• _Exercise objective_:
Copy out exactly, from the entries that follow, the line holding "Nitro Motors Midiquad, Kinder", the line holding "Cosmic Lens Reveals", and all lines between them, but no pictures.

• _Records to process_:
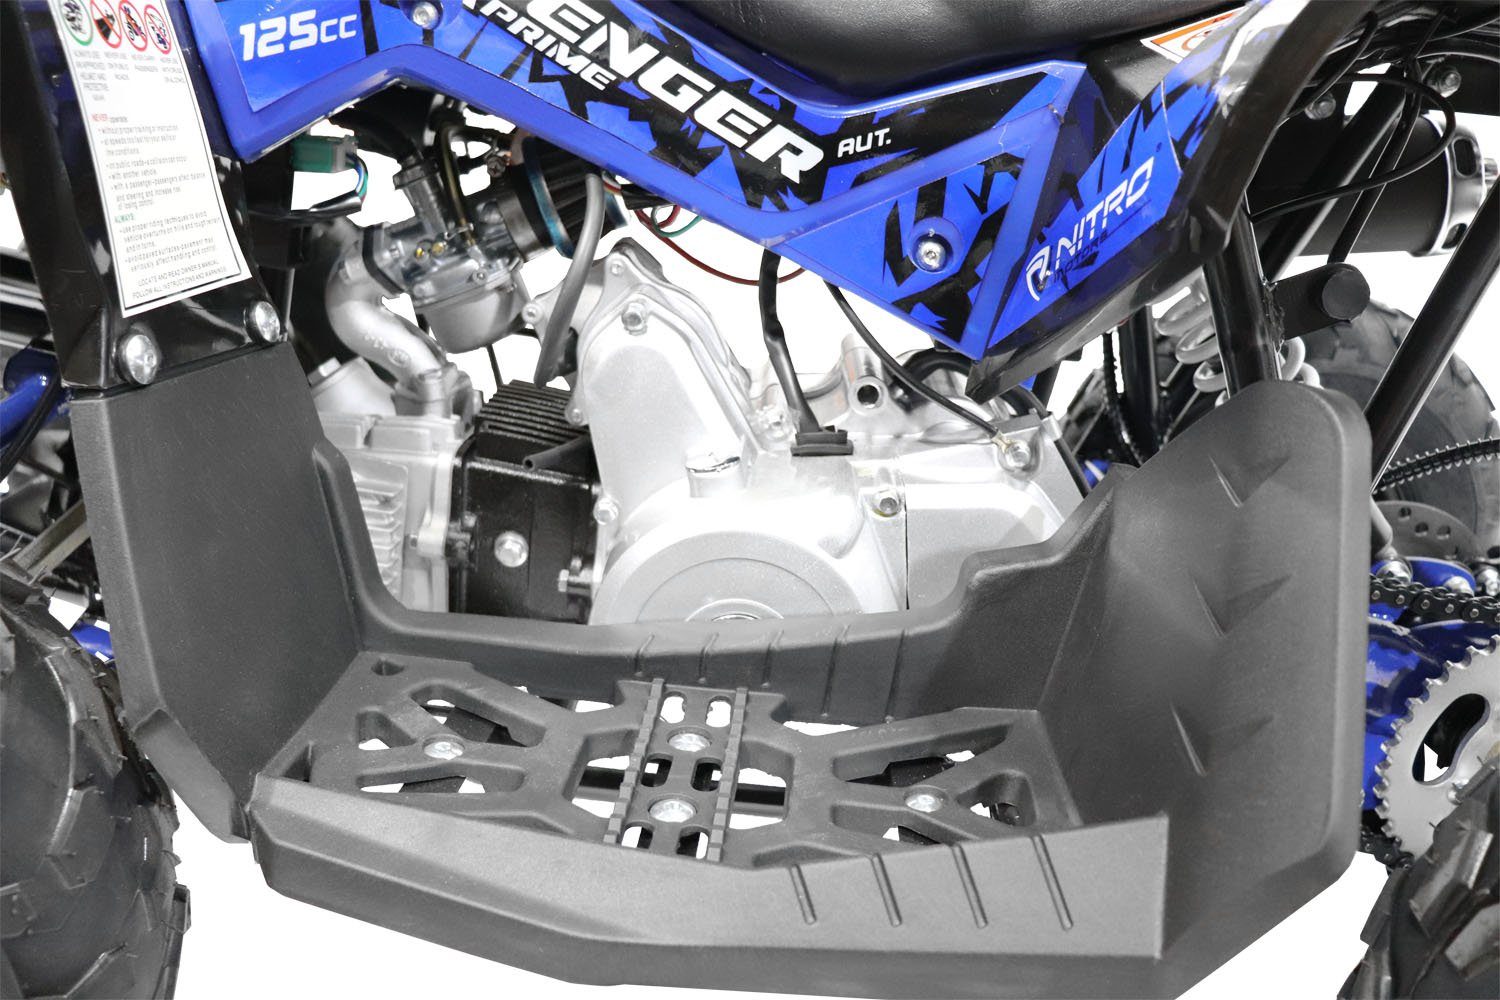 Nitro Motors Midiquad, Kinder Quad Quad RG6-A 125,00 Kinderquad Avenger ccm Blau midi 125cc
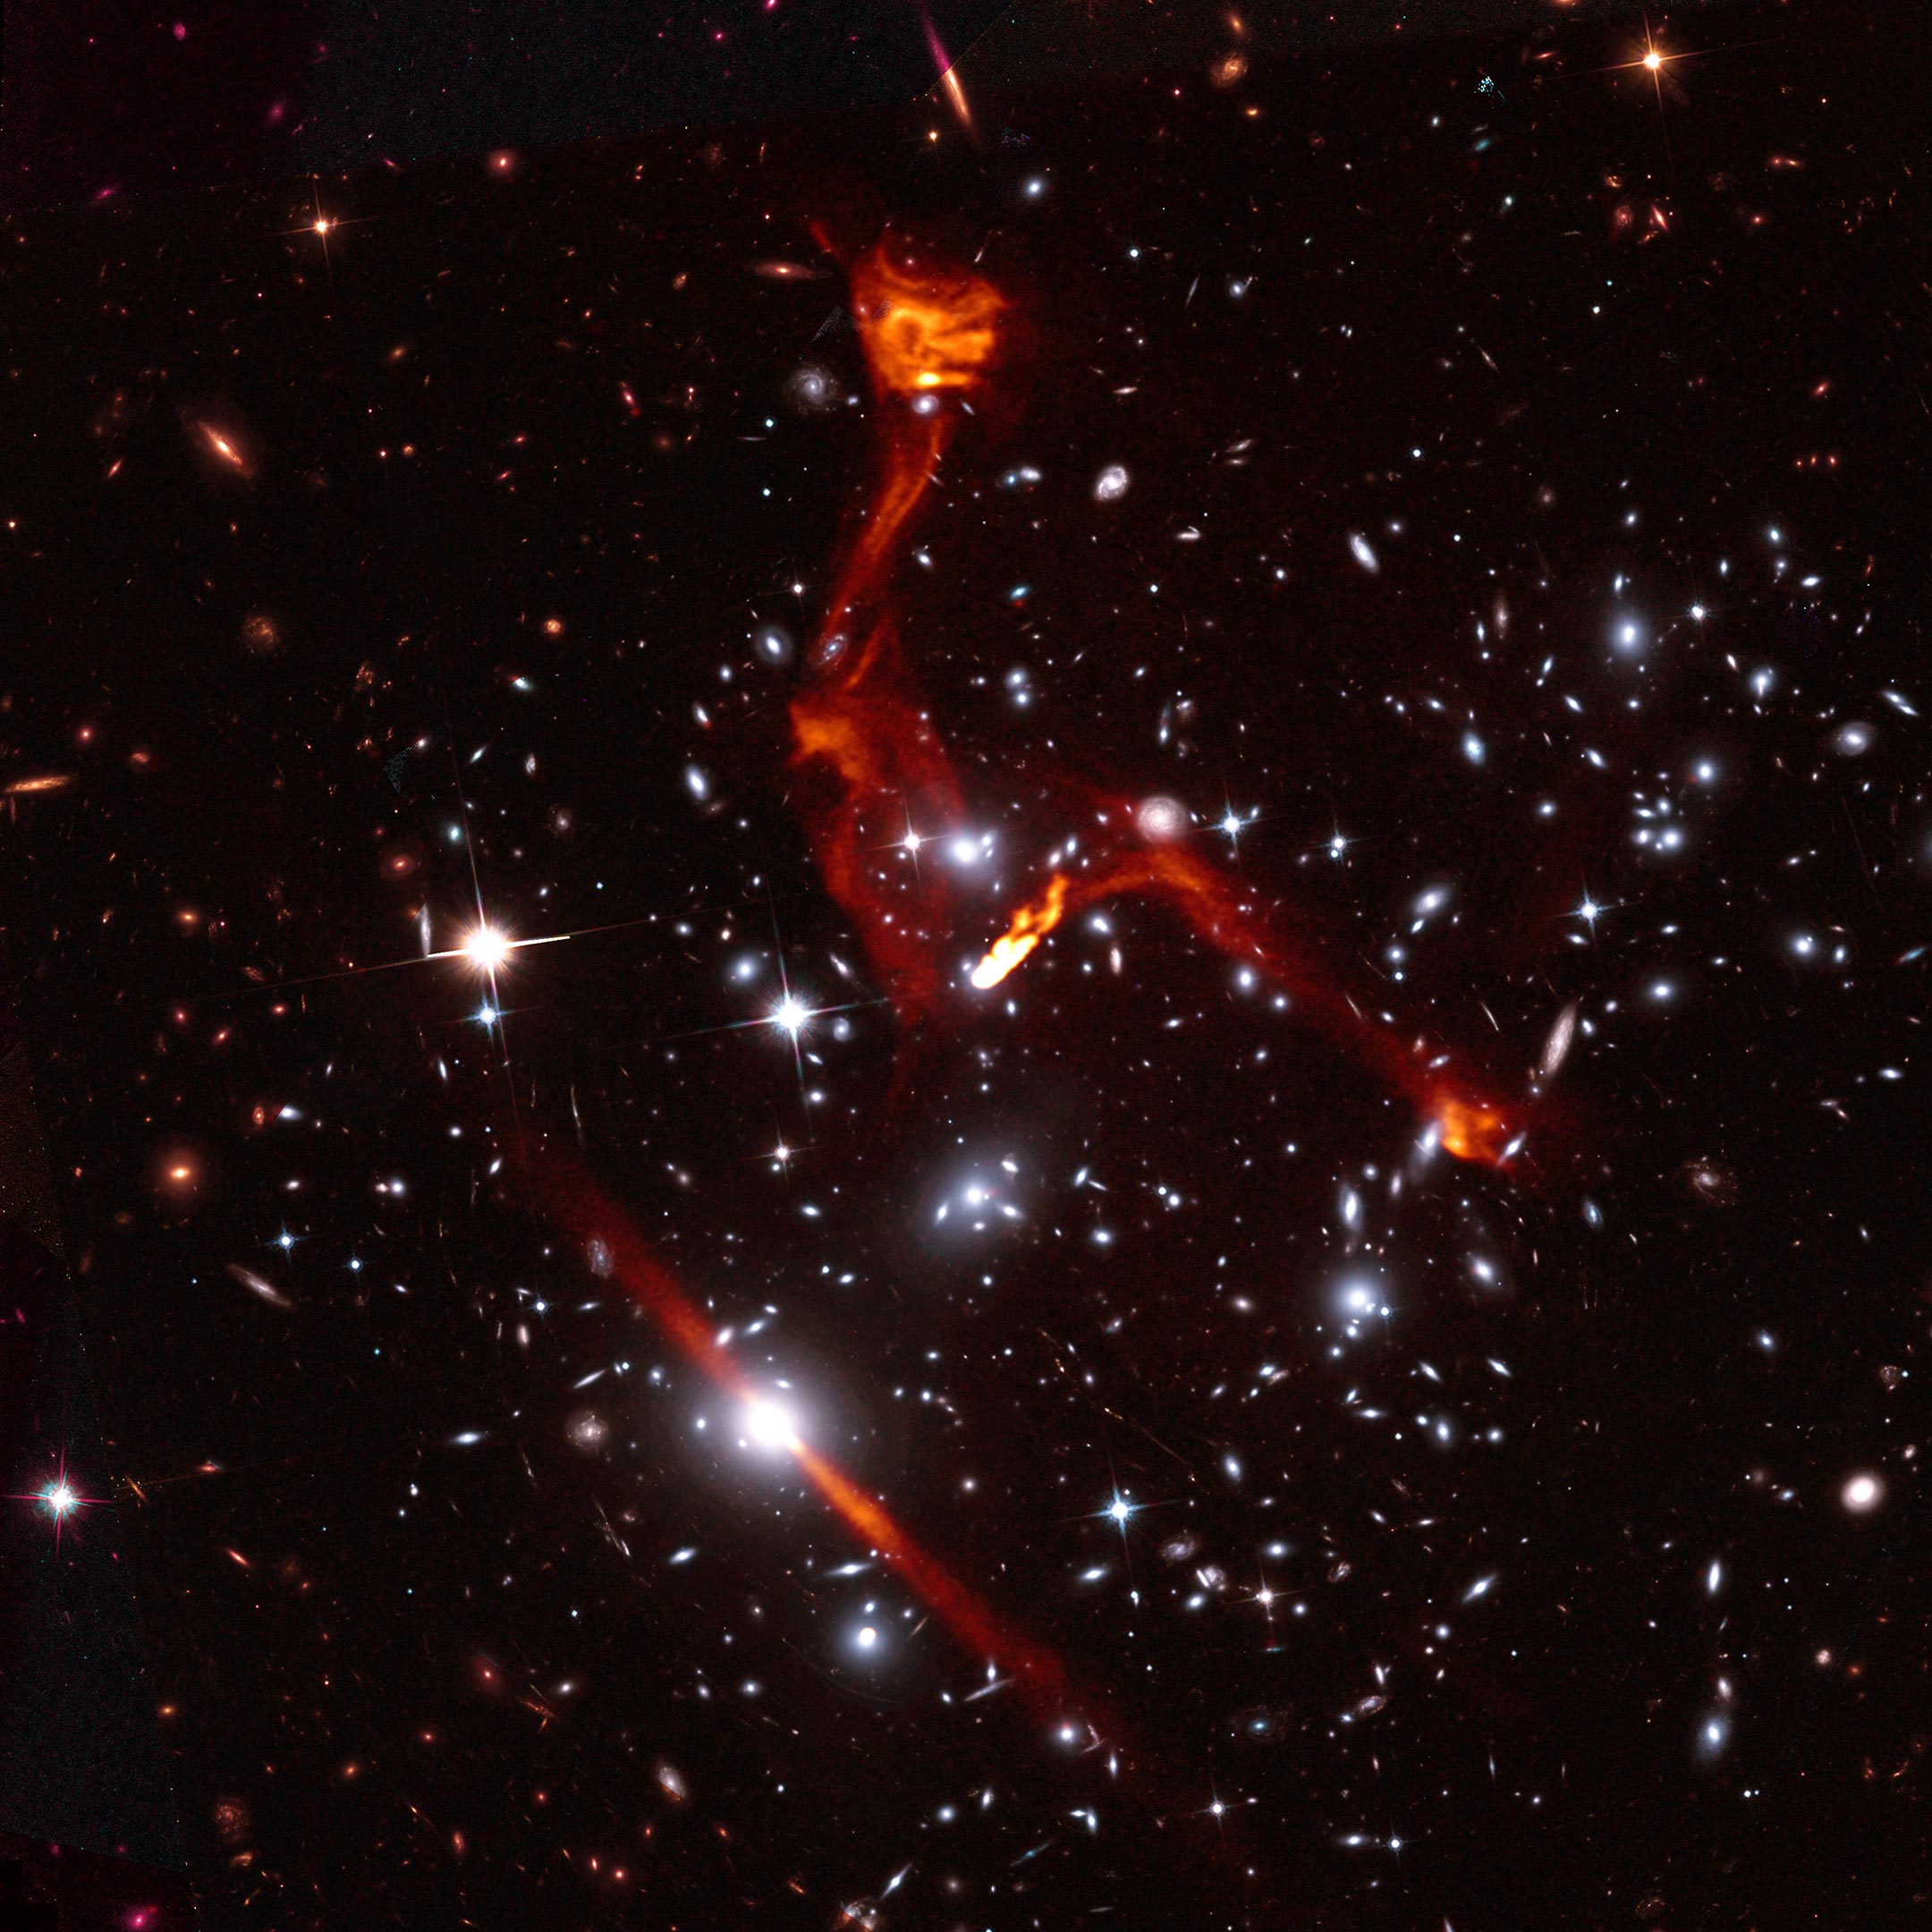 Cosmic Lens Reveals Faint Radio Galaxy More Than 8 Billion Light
---
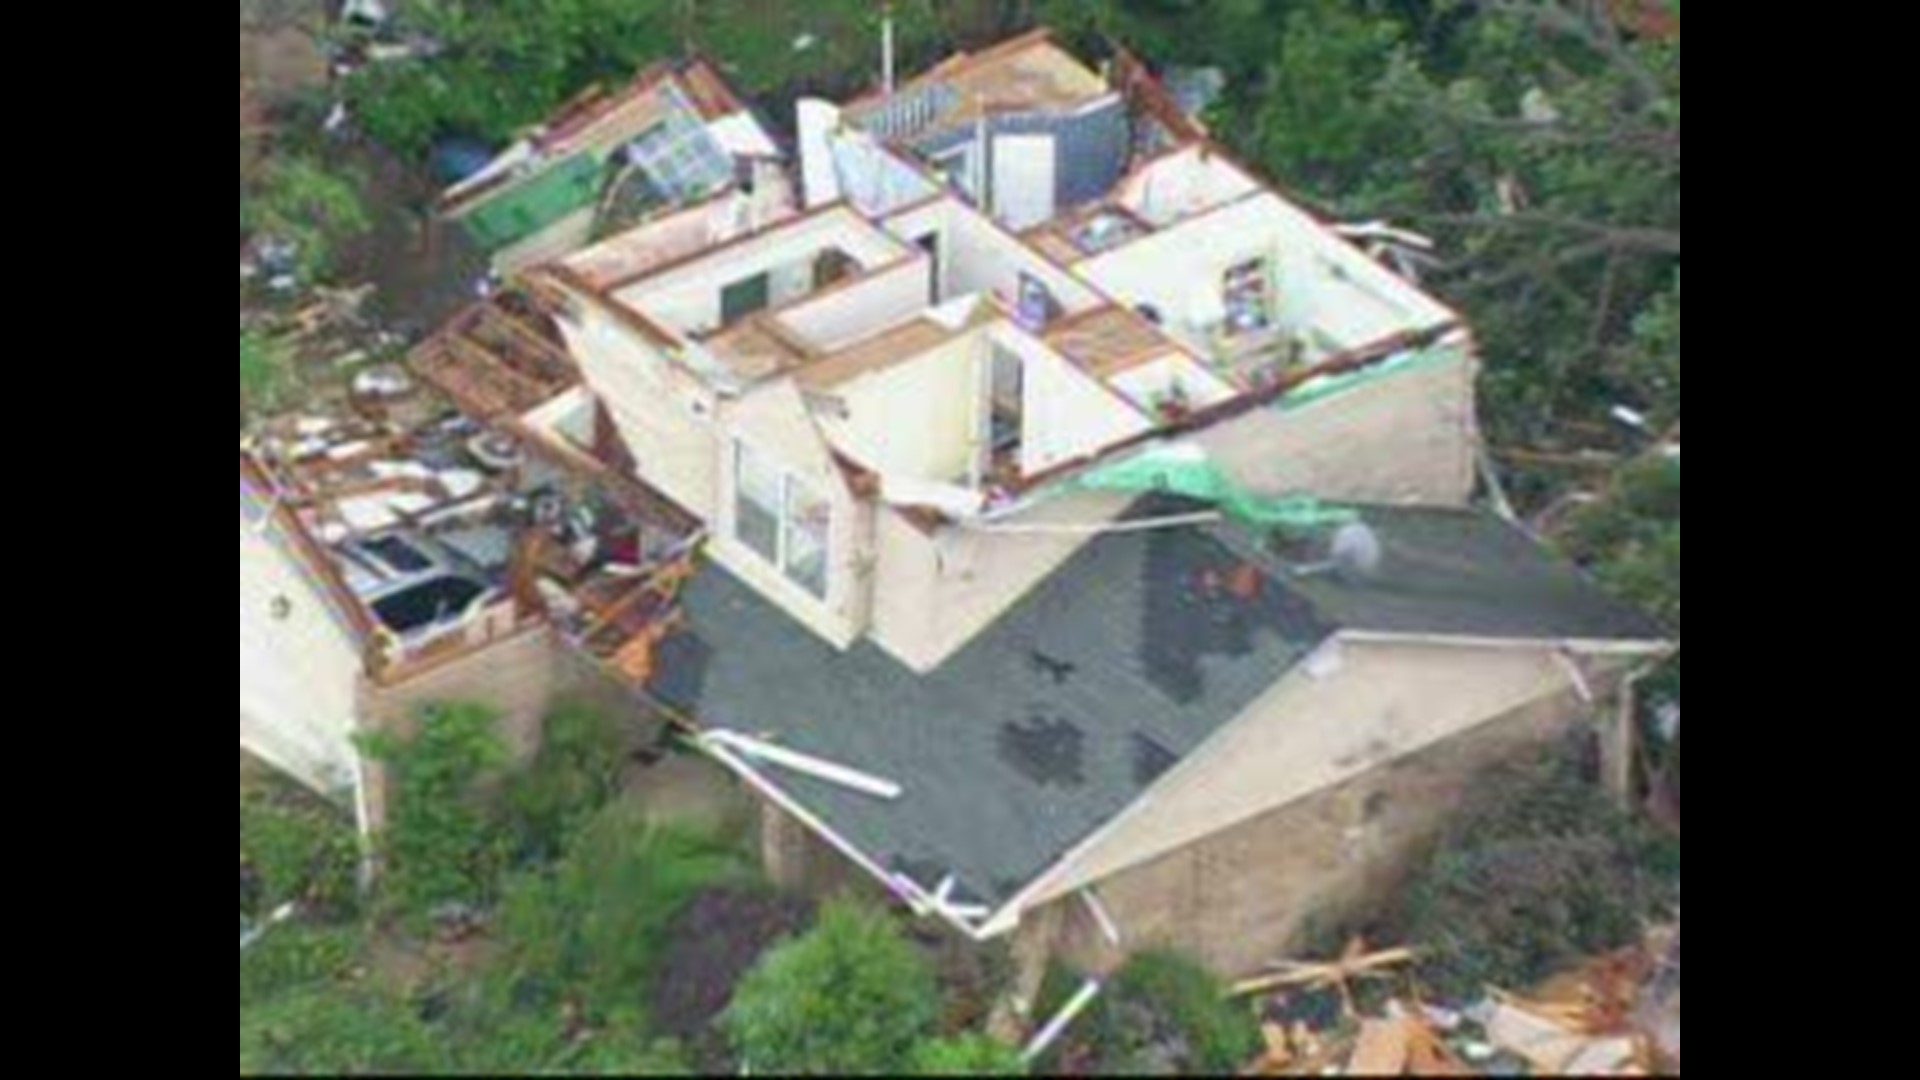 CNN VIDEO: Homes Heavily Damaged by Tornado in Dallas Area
...
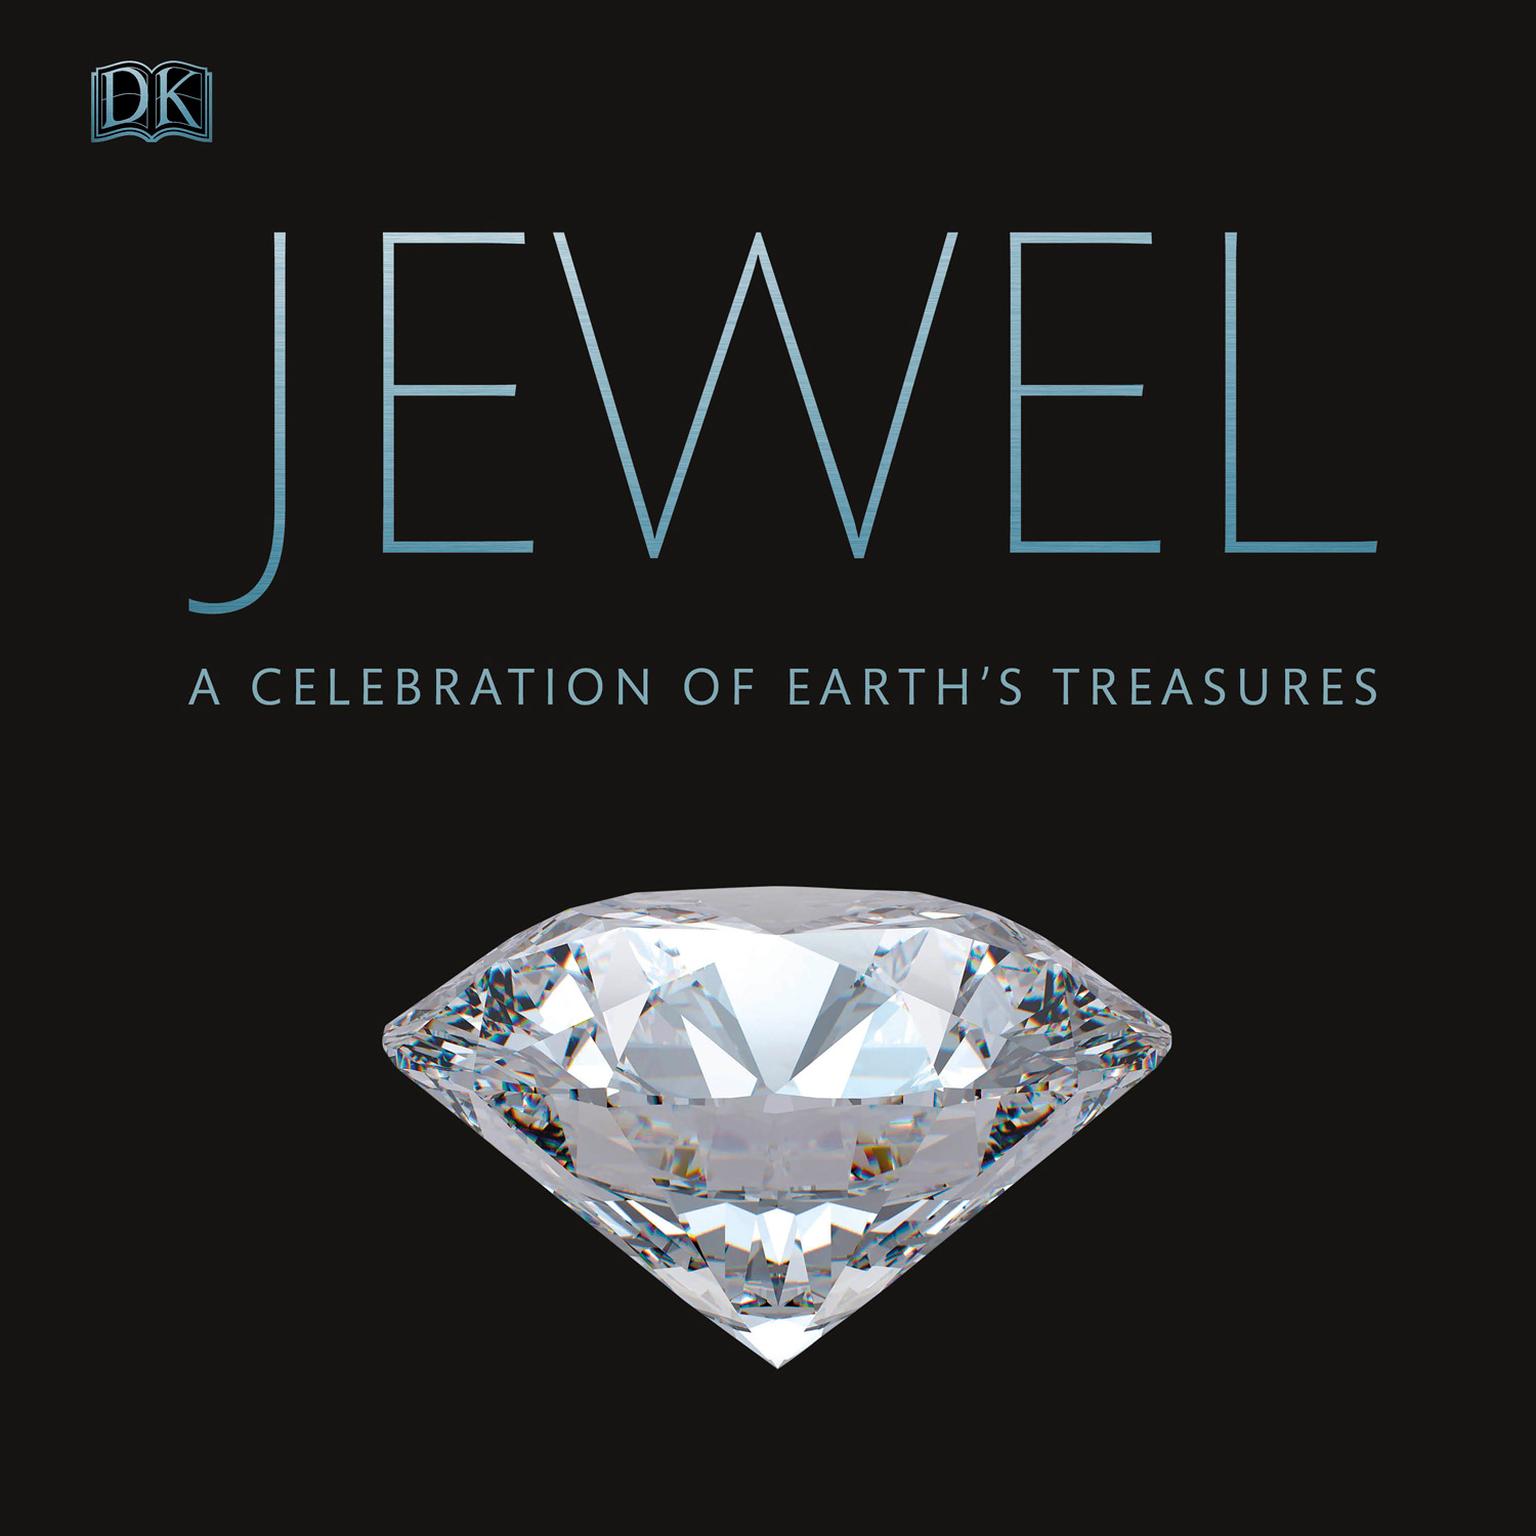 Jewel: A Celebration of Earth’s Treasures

• _Written solution_:
 Nitro Motors Midiquad, Kinder Quad Quad RG6-A 125,00 Kinderquad Avenger ccm Blau midi 125cc
 Cosmic Lens Reveals Faint Radio Galaxy More Than 8 Billion Light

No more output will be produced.